Extracted material below:

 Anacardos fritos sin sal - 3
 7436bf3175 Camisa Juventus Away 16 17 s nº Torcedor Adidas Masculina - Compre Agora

End of Extracted material.
Extracted material below:

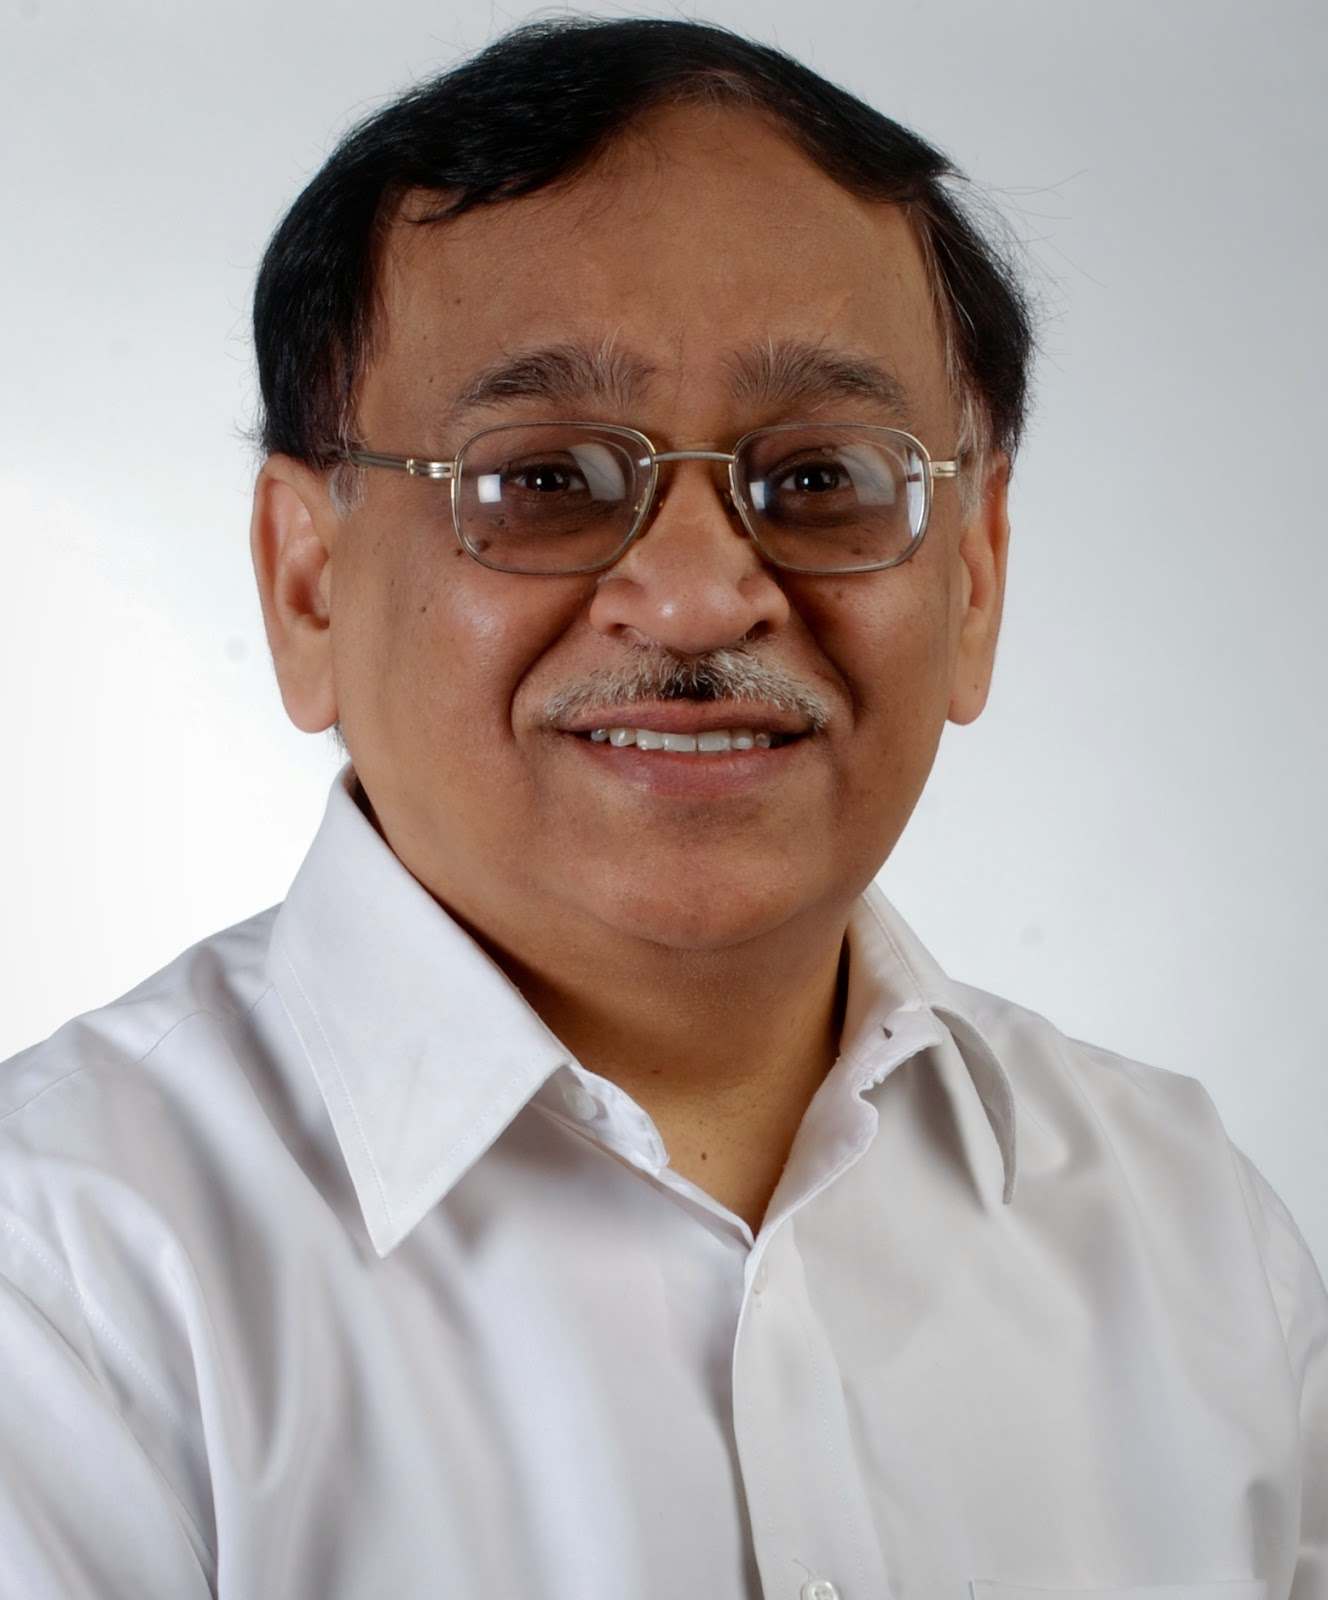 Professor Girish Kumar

End of Extracted material.
Extracted material below:

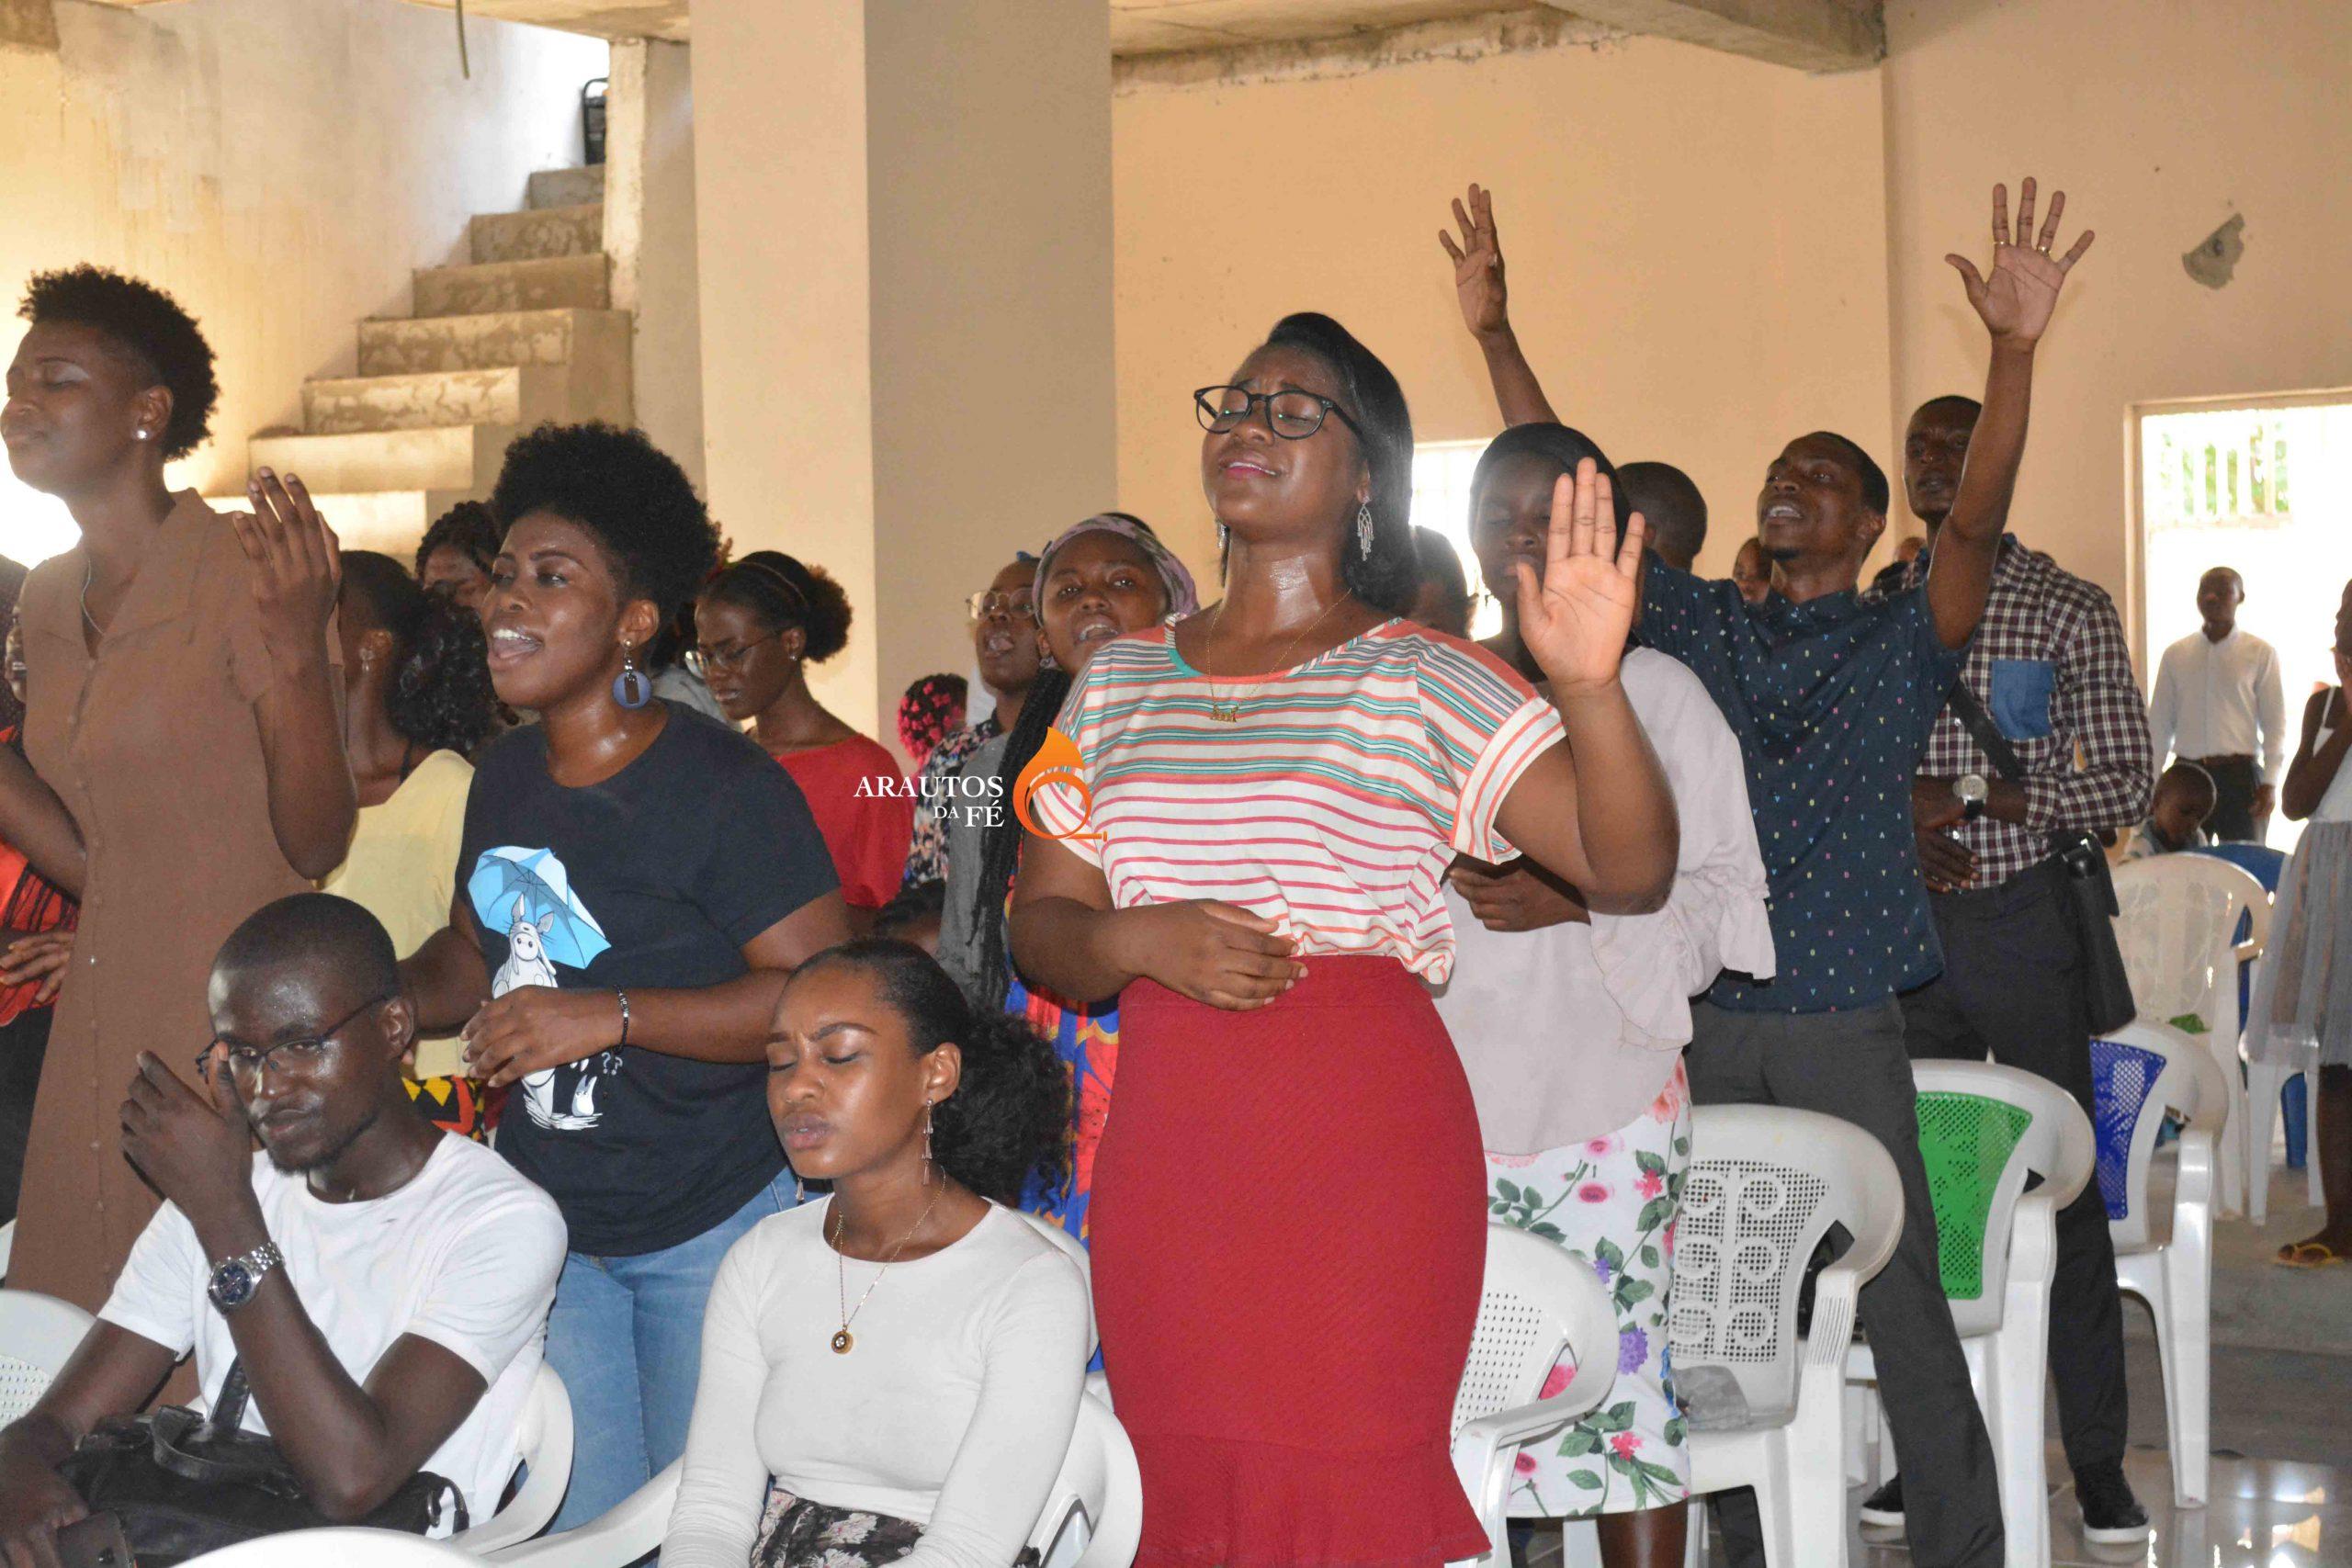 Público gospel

End of Extracted material.

→ Task
From the records above, extract exactly and only the lines that begin at the line with "Anacardos fritos sin sal - 3" and stop after the line with "7436bf3175 Camisa Juventus".

→ Completed task
 Anacardos fritos sin sal - 3
 7436bf3175 Camisa Juventus Away 16 17 s nº Torcedor Adidas Masculina - Compre Agora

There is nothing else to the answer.